A few weeks back I had a problem with the right front indicator, after faffing around for a while, which included removing the airbox and then the front bumper, it turned out to be the bulb holder so I sanded the contacts and bent them out a bit, did the trick but it's an unnecessarily complex task.

Then, just the other day, my right front Xenon died, literally straight after the new WoF sticker went on (whew)! Long story short - the ballast flooded whilst it was waiting in the yard for it to be collected... how? Shitty BMW engineering. 😠

If this hasn't already happened to your E8x then read on because it will happen eventually...

I confirmed the HID light itself wasn't faulty by swapping it to the other side (terrible design, requires removing the entire airbox). I knew from prior research that the ballasts can flood, unfortunately this is a headlight removal exercise which requires removing the bumper (again, terrible design). With the bumper removed I pulled out the RHS headlight and it was sloshing with water... which had all drained to the housing that contains the (high voltage) HID ballast (terrible, terrible, dangerous design)...

HID_Water_01.jpg

I mean seriously BMW, do you not saturation test your vehicles? (No, they don't). The entire ballast was submerged.

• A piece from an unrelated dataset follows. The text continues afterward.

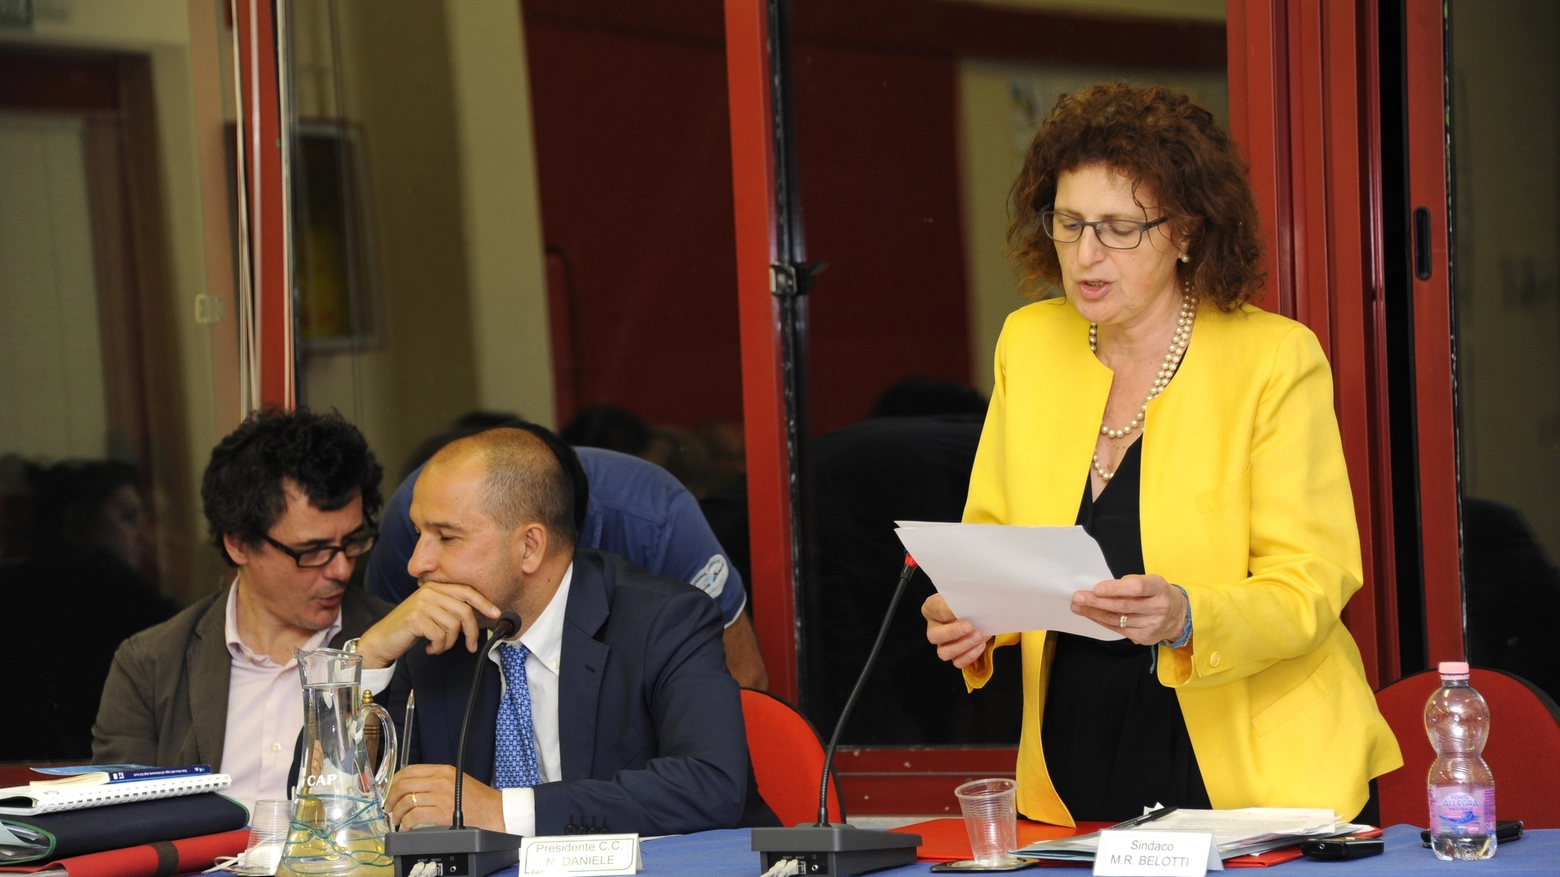  Il sindaco Maria Rosa Belotti parla in Consiglio

Pulled the ballast, filled it with a ton of RP7 and left it to dry whilst I removed the other headlight to check that. The LHS was dry as a bone which aligns with many internet anecdotes, it's typically a RHS problem.

The permanent fix is simple, some 10mm drainage holes, I did both sides, as BMW should have done from the factory...

HID_Drain_02.jpg

Tested, reinstalled, and ~4 hours later fixed. What a faff caused by a bunch of poor design decisions.

As I say above, if it hasn't happened it will if your car sees much water, including washing. I was lucky, my ballast was salvageable but many report they're not so fortunate so be warned.

Edit: my car is very rarely parked in the rain, garaged at home, inside carpark if I drive to work, it normally only gets driven on the weekends. Auckland's summer of rain hasn't helped of course and the day it was at the mechanics was Tuesday just gone, so a little bit wet!